Our grinder has been giving up the ghost for some time and has finally snuffed it. It began to switch itself on in the middle of the night, grinding at random and so our coffee has been more & more compromised. So I started surfing for an answer this morning and I found your fantastic site. I have so much to learn ...

It was a Cusininart DBM8 which I gather is hardly recognised as entry level, but it suited our french press. I am sure we can do better.

Anyway, glad to be aboard.


----------



## The Systemic Kid (Nov 23, 2012)

Welcome to the forum.


----------



## seeq (Jul 9, 2011)

Hi skipcrazy and welcome. What kind of budget do you have for a new grinder? Baratza Encore is generally seen as the lowest of the entry levels suitable for brewed at around £130. If you do want cheap cheap then any burr grinder would be better than nothing.
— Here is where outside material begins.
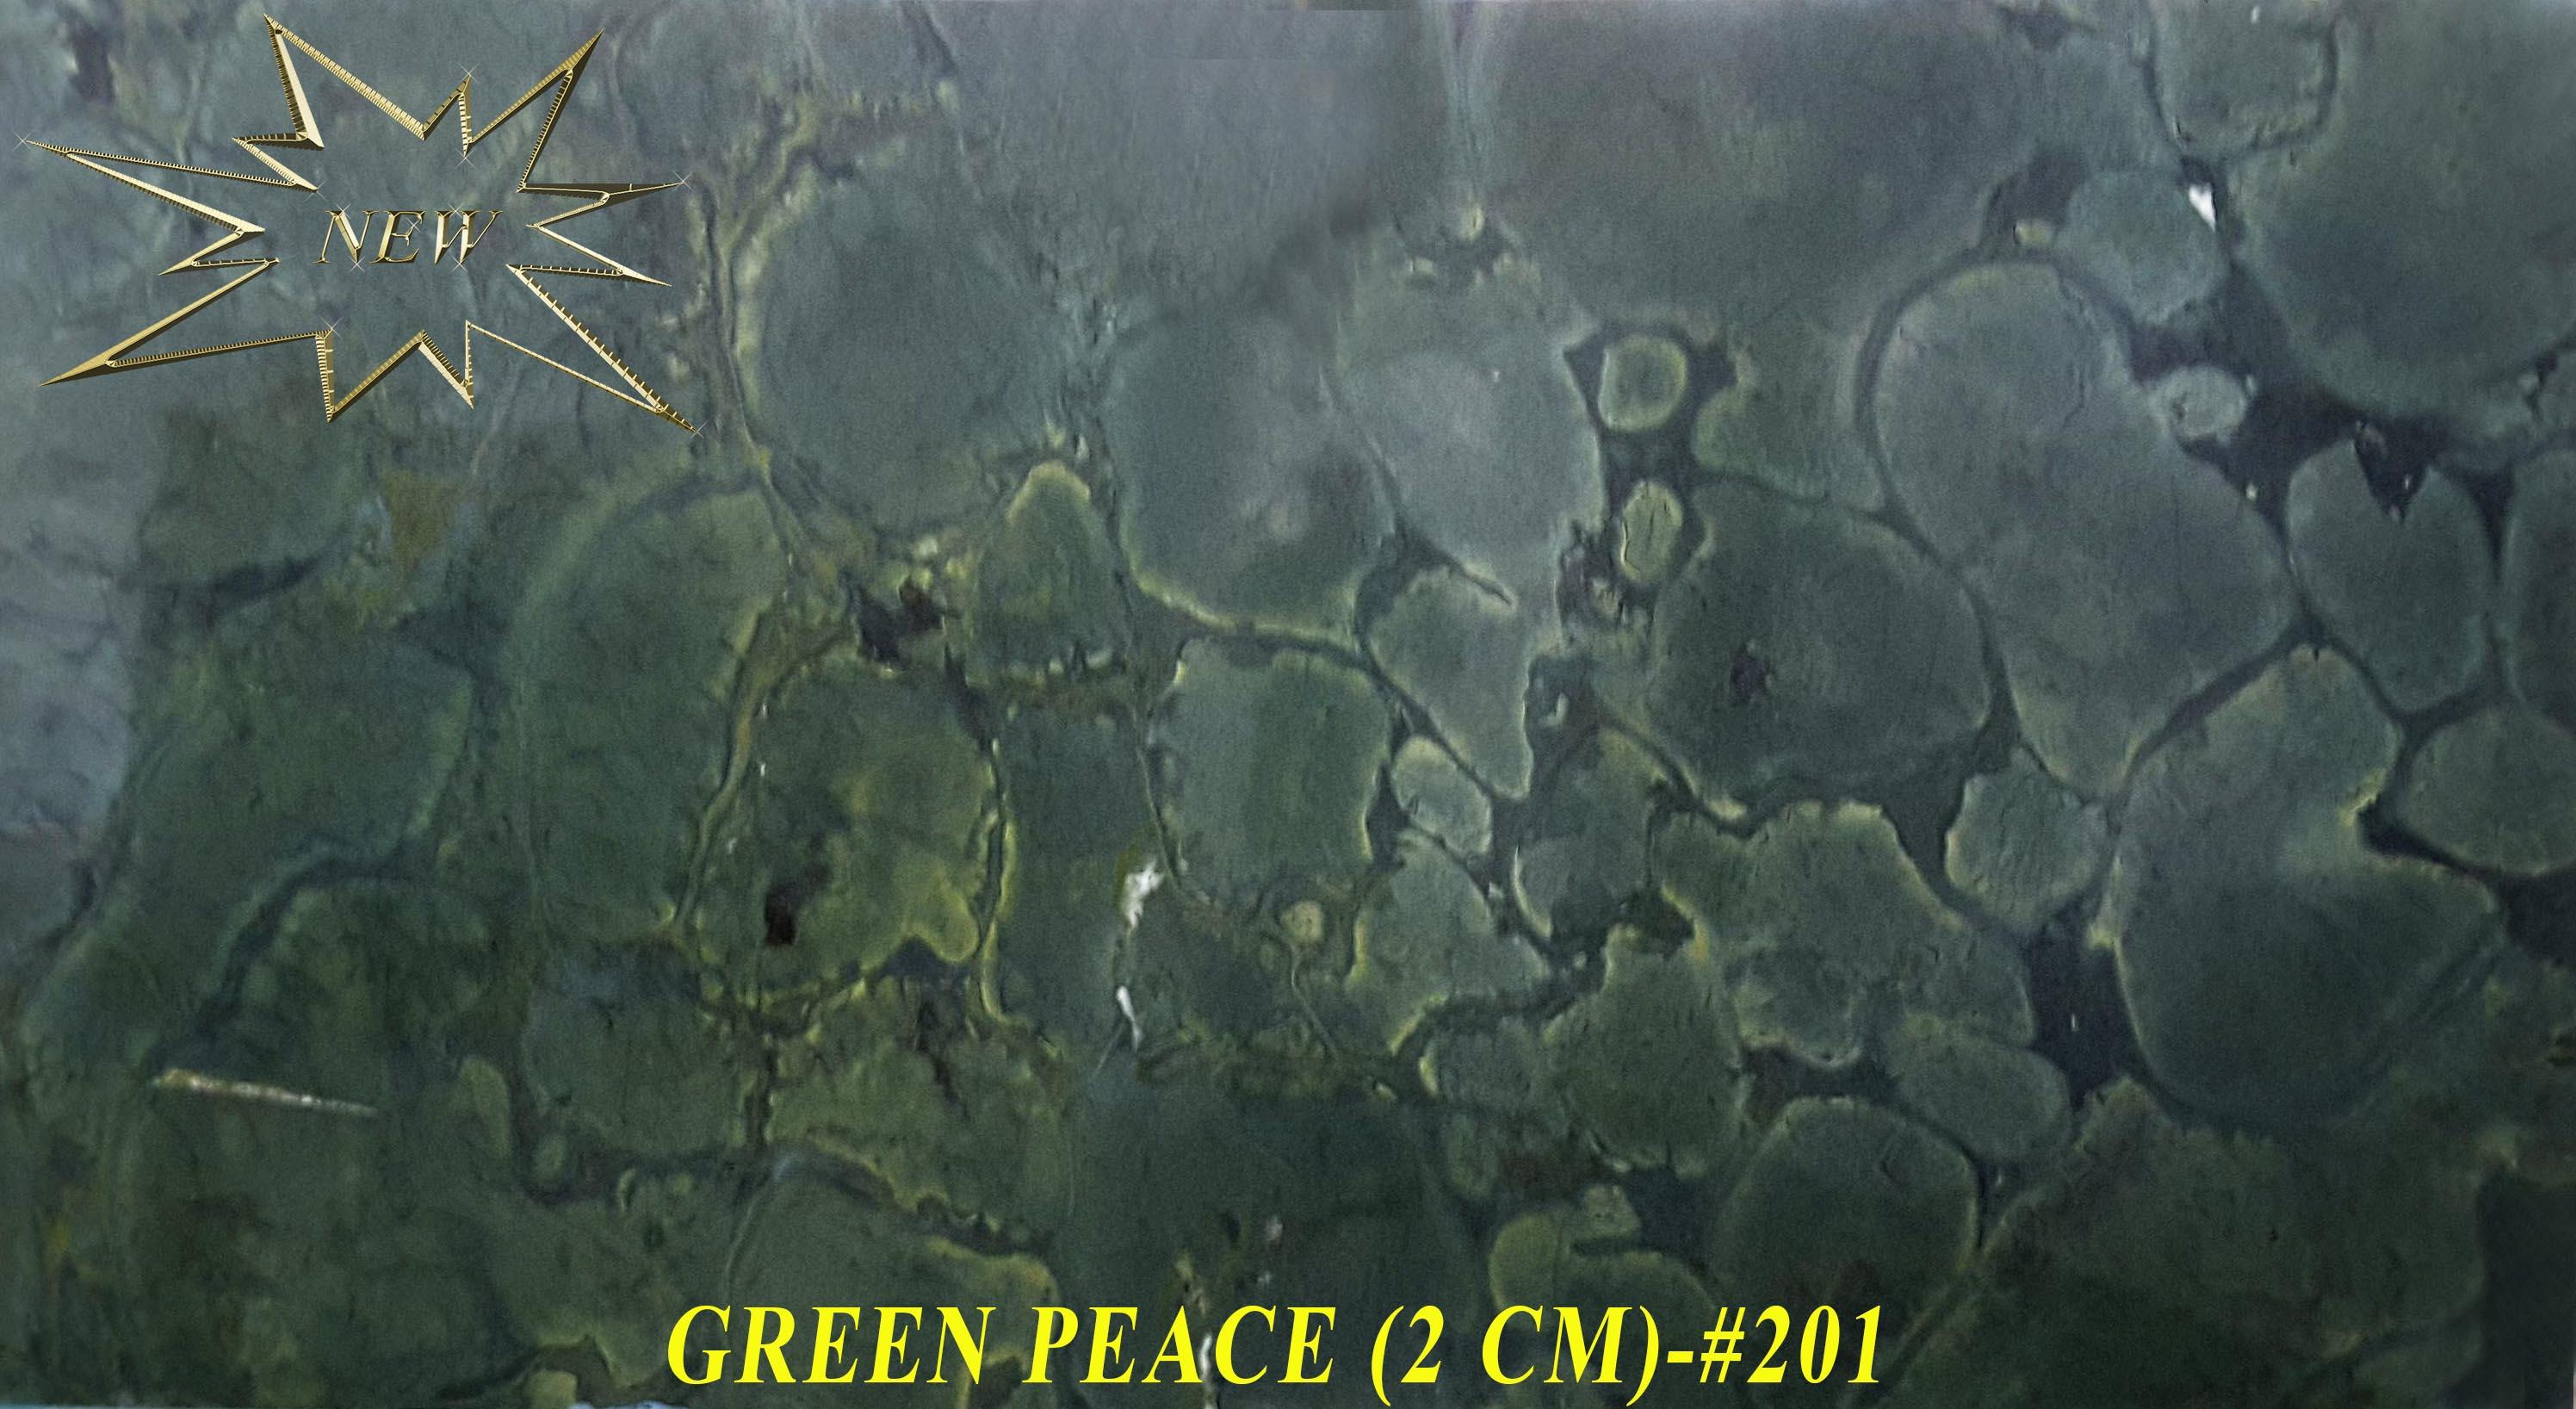 GREEN PEACE (2 CM)-#201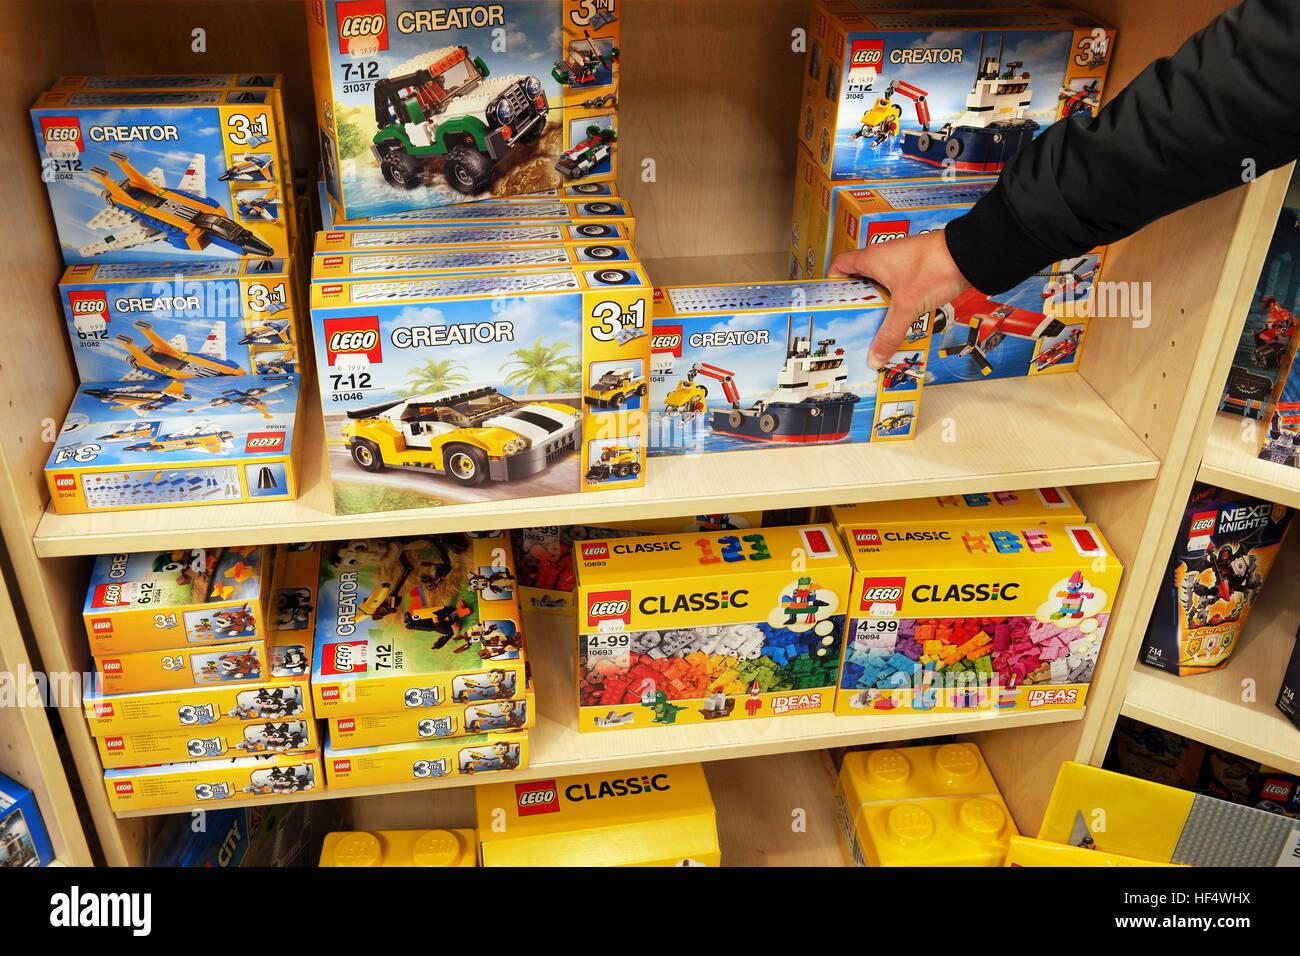 Lego creation and Lego classic boxes - Stock Image

If you stick around and get the bug then there are plenty of threads full of advice and opinions on grinders from a couple of hundred quid up to a couple of thousand.


----------



## skipcrazy (Jan 9, 2016)

Thanks seeq. I reckon that's within our budget ... the question is whether we spend a bit more for something that could grind for other methods too.

I read a great thread on grinders earlier started by coffeechap, so I'm beginning to see the light.


----------



## 2bor2bru (Mar 7, 2016)

Like you a suitable grinder has drawn us to this site.


----------